* _DATASET EXTRACT_:

════════════════════

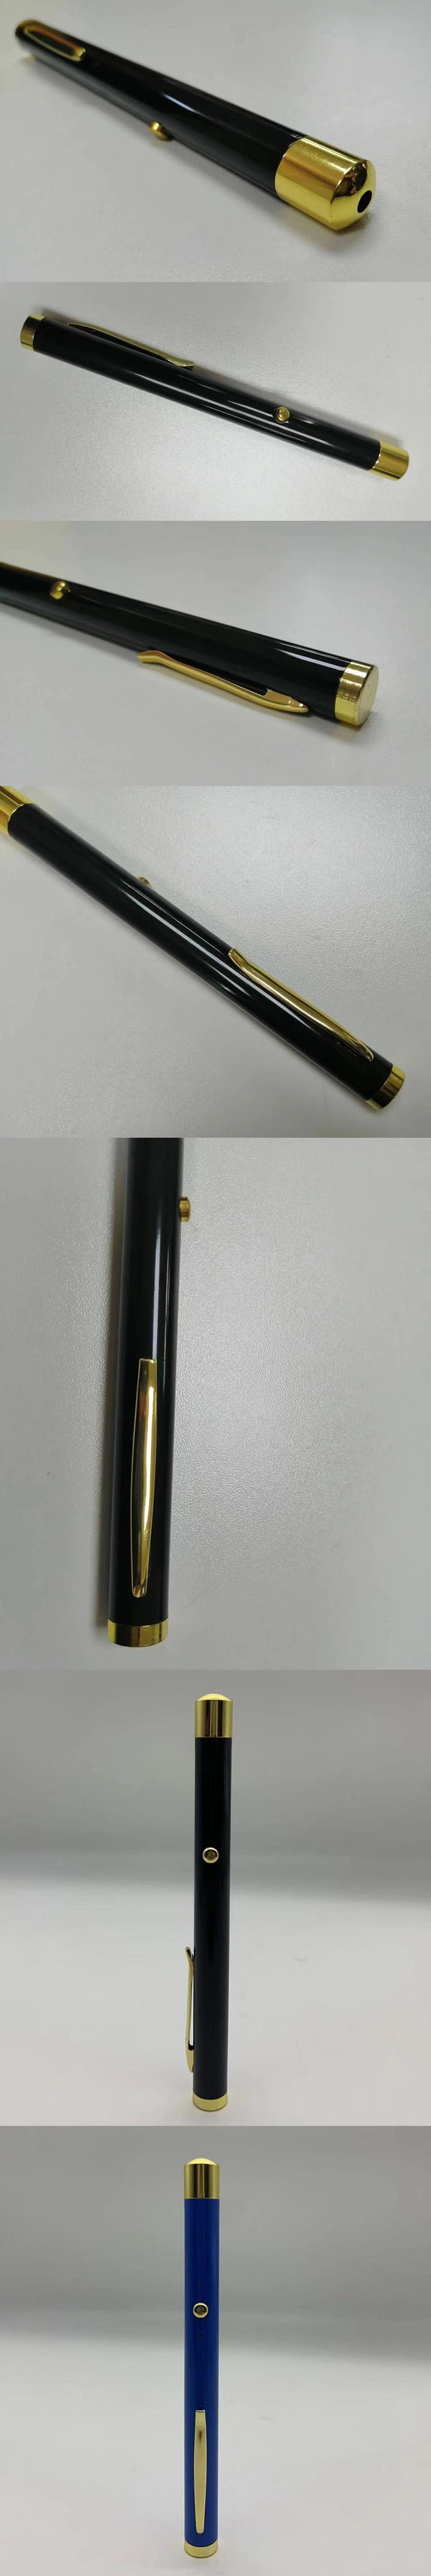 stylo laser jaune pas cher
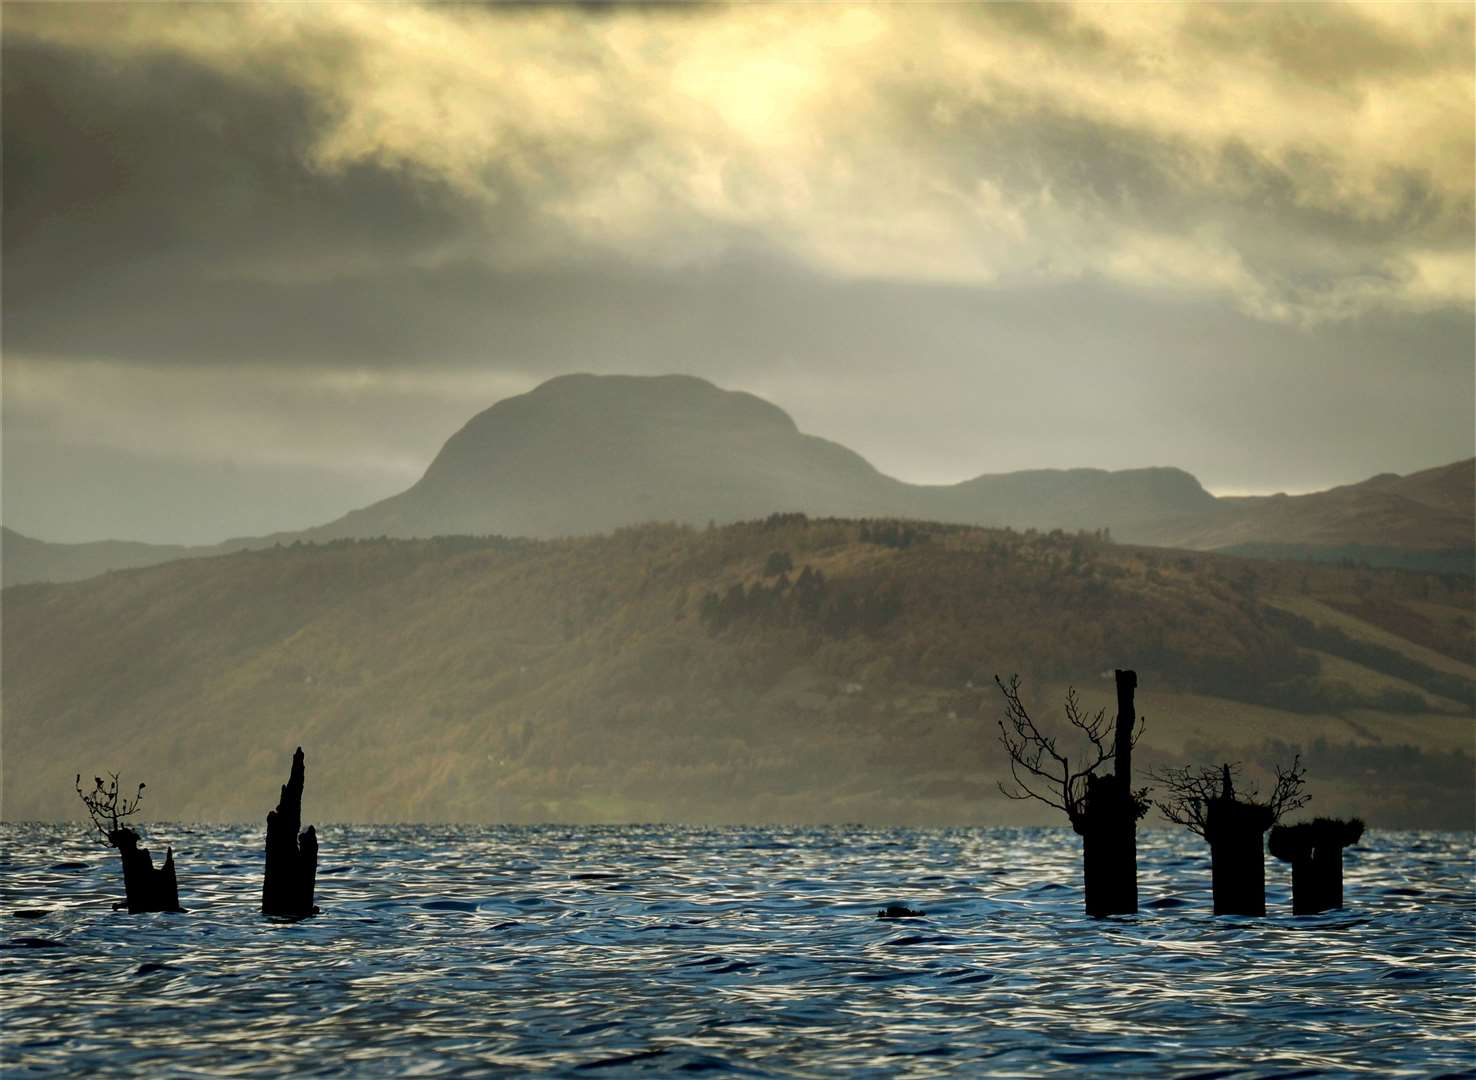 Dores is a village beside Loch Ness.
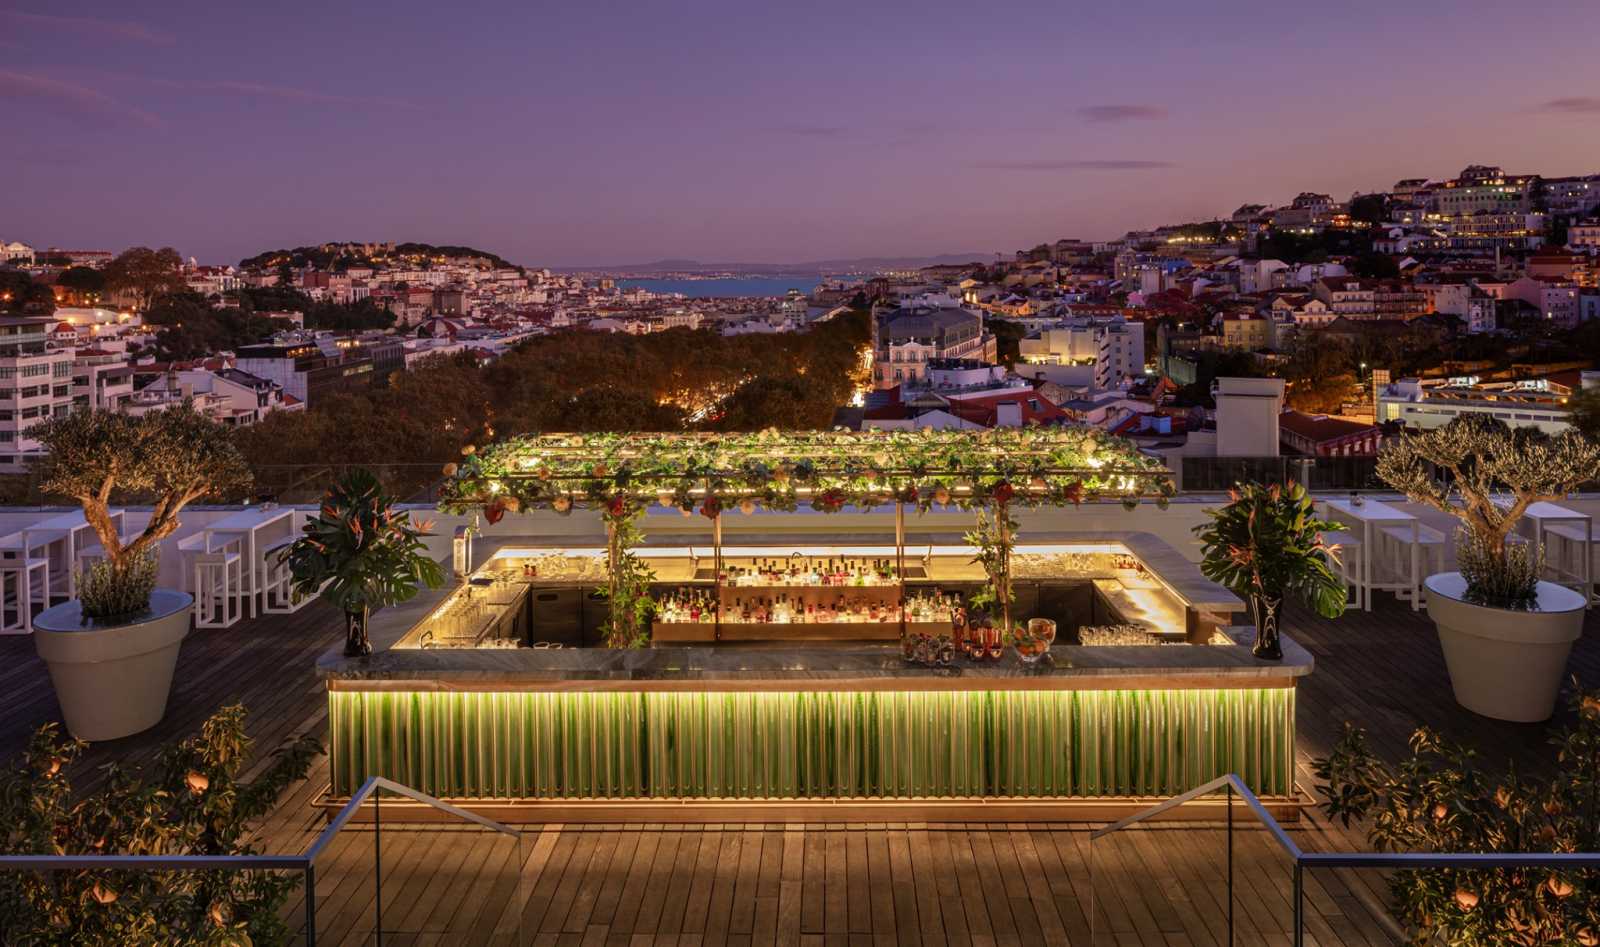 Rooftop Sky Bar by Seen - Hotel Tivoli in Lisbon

════════════════════

* _PROBLEM DESCRIPTION_: Your task is to set down each line above verbatim while excluding the pictures.

* _ANSWER TO THE PROBLEM_:
 stylo laser jaune pas cher
 Dores is a village beside Loch Ness.
 Rooftop Sky Bar by Seen - Hotel Tivoli in Lisbon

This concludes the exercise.